Chapter 11

All good things come to an end — termination of contracts

There are three general ways in which a contract can be terminated:

1 by the term or period of the contract concluding

2 by the termination of the contract before its natural expiration by one or both parties

3 by termination of the contract at law for breach of it.

The term ends by time passing

Most commercial contracts have a limited duration. They run for a set period of time.

A limited duration has a number of benefits. It creates a sense of accountability in the person delivering the good or service. If they know they have to ‘audition’ for more business. It will tend to promote in them a higher service ethic and a stronger desire to keep the other party happy.

It also allows a party to exit an unsatisfactory or uncommercial deal. It is a common feature in commercial contracts that circumstances change during the course of them. Depending on whether the parties can agree a variation, they are generally bound even in circumstances where, with hindsight, they would not have entered into the deal as they have. A contract of a limited duration gives some hope that the pain will end and it will simply be necessary to grin and bear the unsatisfactory part or parts to the relationship until the contract ends.

On the other hand, in a contract that has worked well and the parties are happy, it allows negotiation for better or more satisfactory terms. This may be for the benefit of the buyer or the seller or both parties. In many ways this is the high point of contractual life. Both parties have had a relationship for a period of time in which they have achieved positive results. They wish to enter into a new arrangement on better and more commercially advantageous terms for each of them.

Once a contract ends, it is effectively dead. It is open to the parties to do what they want to. That may range from a parting of the ways to doing a new deal. The parties can revive the contractual terms in a separate agreement for a further period of time.

Generally speaking, contracts that reach their expiration date do so without there being any disputes or assertion of claims by one party against the other.

Termination of the contract by a party under its terms

The rights and entitlements of a party to terminate the contract by operation of a default or termination clause depend entirely on what the contract says. As indicated, there may be a demarcation of rights. One party may have a wider ability to terminate the contract than the other. Your rights in terminating the contract during the course of it will depend on what you have negotiated and how you have expressed those negotiations.

It is obvious that the maximum amount of flexibility you can import into the contract is desirable. On the other hand, you may want to make termination by your counterparty as difficult as possible.

There are many contracts that can still be performed adequately and satisfactorily even if there has been a souring or even a breakdown of that relationship. This is particularly so when the contract is for providing a good or commodity. Once the good or commodity is manufactured, it can be provided without the necessity for there to be amity or friendship between the parties.

In contracts for services where there is still human interaction as the cornerstone in the agreement, this is less regular. Often a breakdown of trust and affinity between the parties will cause the contract to be unworkable.

In broad terms, there are two types of term that are available:

1 the termination of the contract for no cause at all on an agreed period of notice (which can actually be nothing)

2 termination for breach of a term (be it fundamental or otherwise).
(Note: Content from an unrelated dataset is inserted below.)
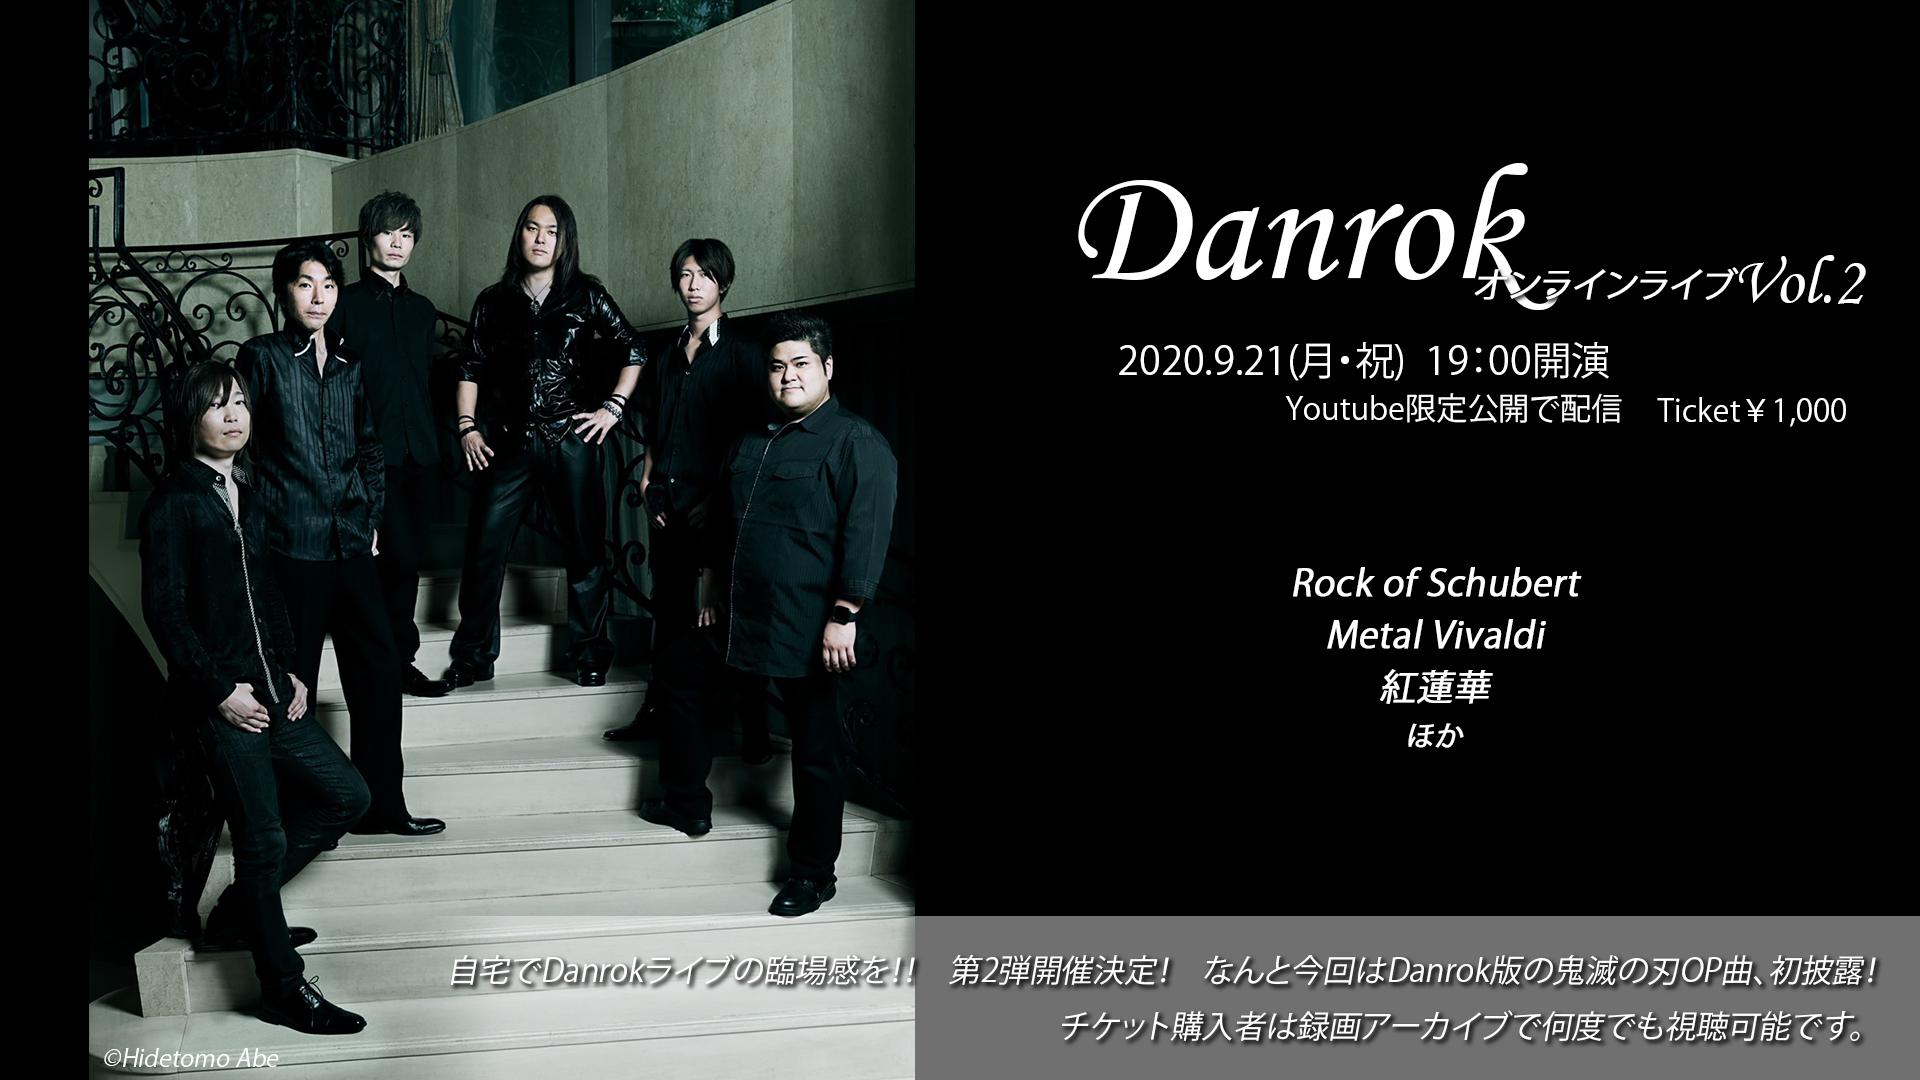 2020.9.21 DANROKオンラインコンサート
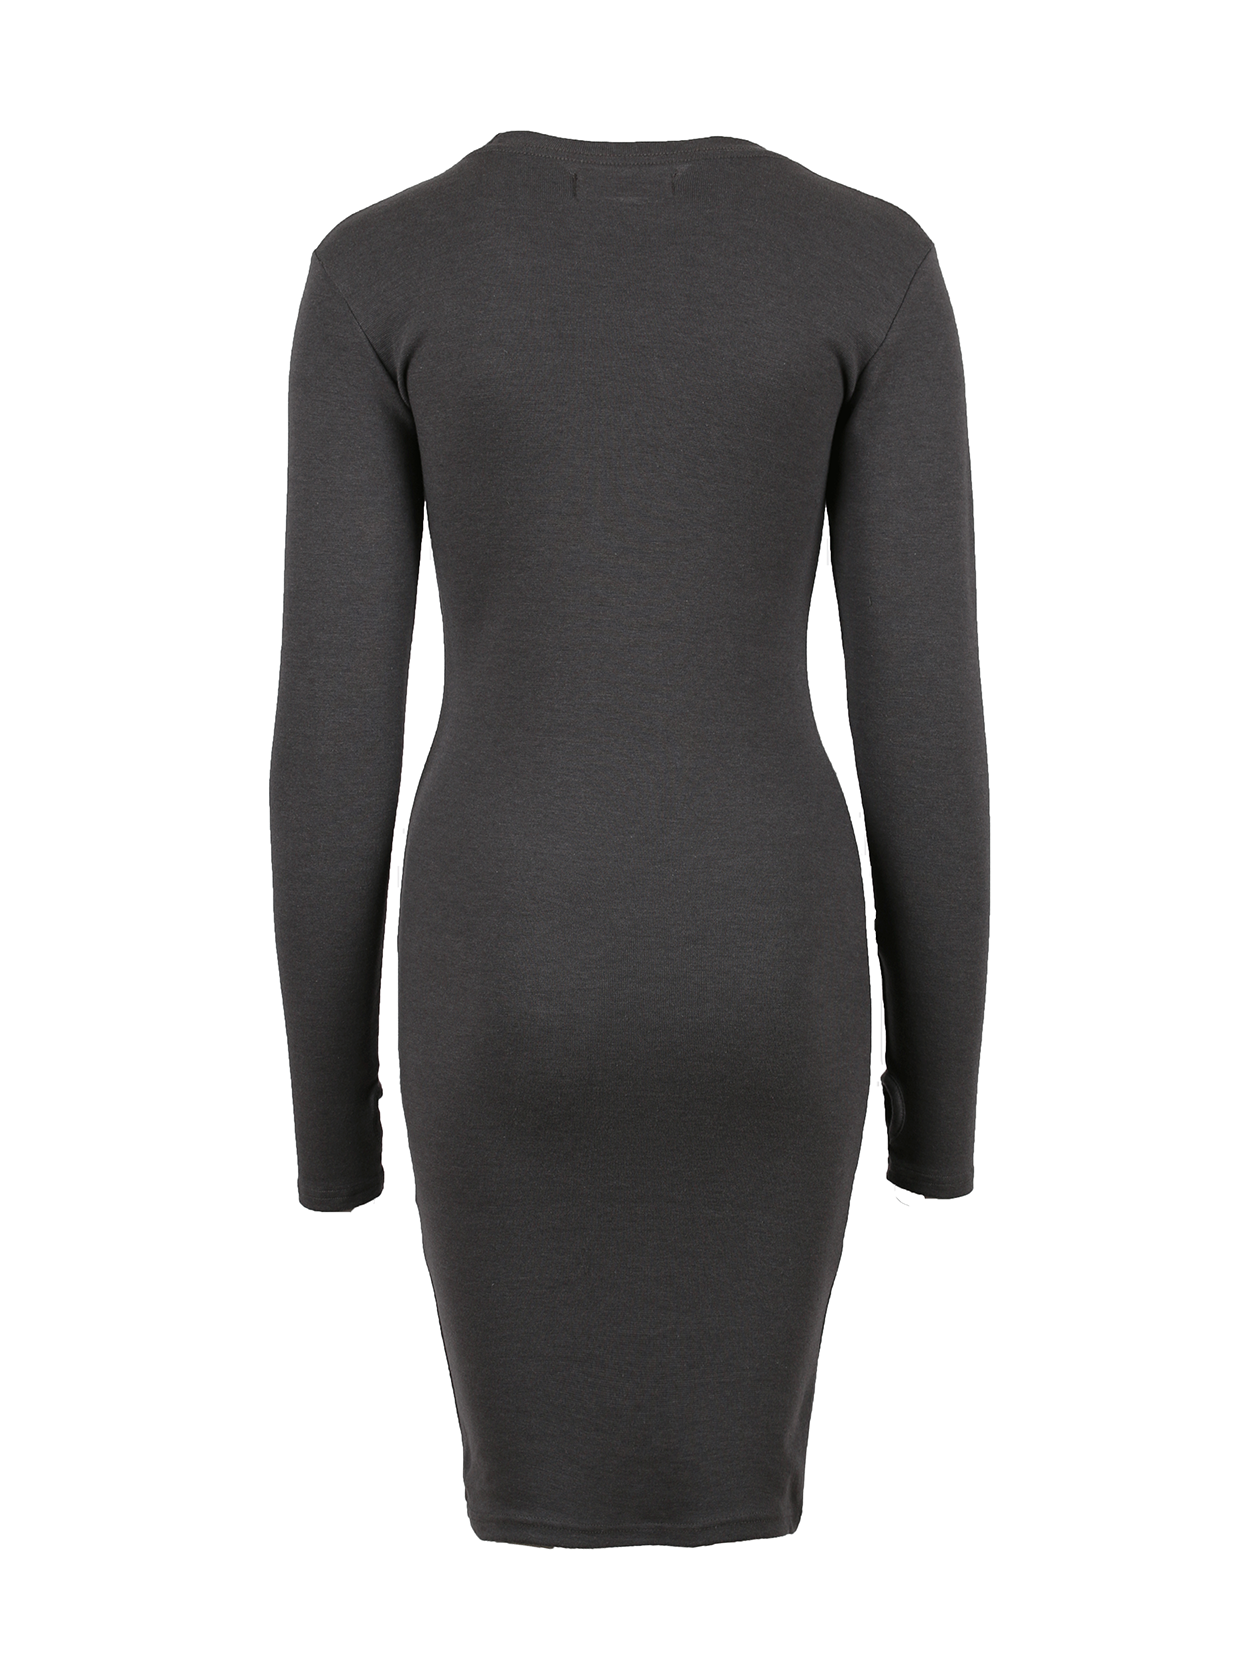 Платье женское SKINNY RIB от Black Star

A clause of the second type is a limitation on your ability to terminate the contract. This is because you need to identify a breach on the other side before you can terminate. This does not allow termination on a whim.

A clause of the first type allows you to terminate the contract subject to whatever notice you need to provide.

Depending on the way in which the contractual term is constructed, there may or may not be residual claims and disputes arising from the termination of a contract by one of its own terms.

Obviously, if a breach needs to be identified before the contract can be terminated, residual unhappiness is a real possibility.

On the other hand, a contract that can be terminated without cause may be ended because of a change in commercial direction or there no longer being a need for the good or service. It does not necessarily mean anything adverse nor is it a negative reflection on a party’s performance.

Termination at law

In general terms, termination at law only arises for breach of a fundamental term. When faced with a breach of a fundamental term, the victim can elect to continue or to terminate the contract and sue for damages.

The law of termination of contracts for breach is a detailed and complex set of principles and practices. It requires a precise analysis of the:

  • terms of the contract
  • subject matter of the contract
  • conduct of the parties under the contract
  • alleged breach of the contract
  • implications of the breach of the contract.

There is no general rule applied to breaches of contract. Every breach is as different as each contract that in turn is as different as the parties to it.

Generally termination of a contract for breach at law will confer on one or the other party a right to make a claim against the counterparty for damages. This is because a breach needs to be identified before the right to terminate is triggered. Depending on the particular circumstances, it may be that the breach is extremely serious and the termination paves a way for the replacement of the contracting party with another and for a damages claim.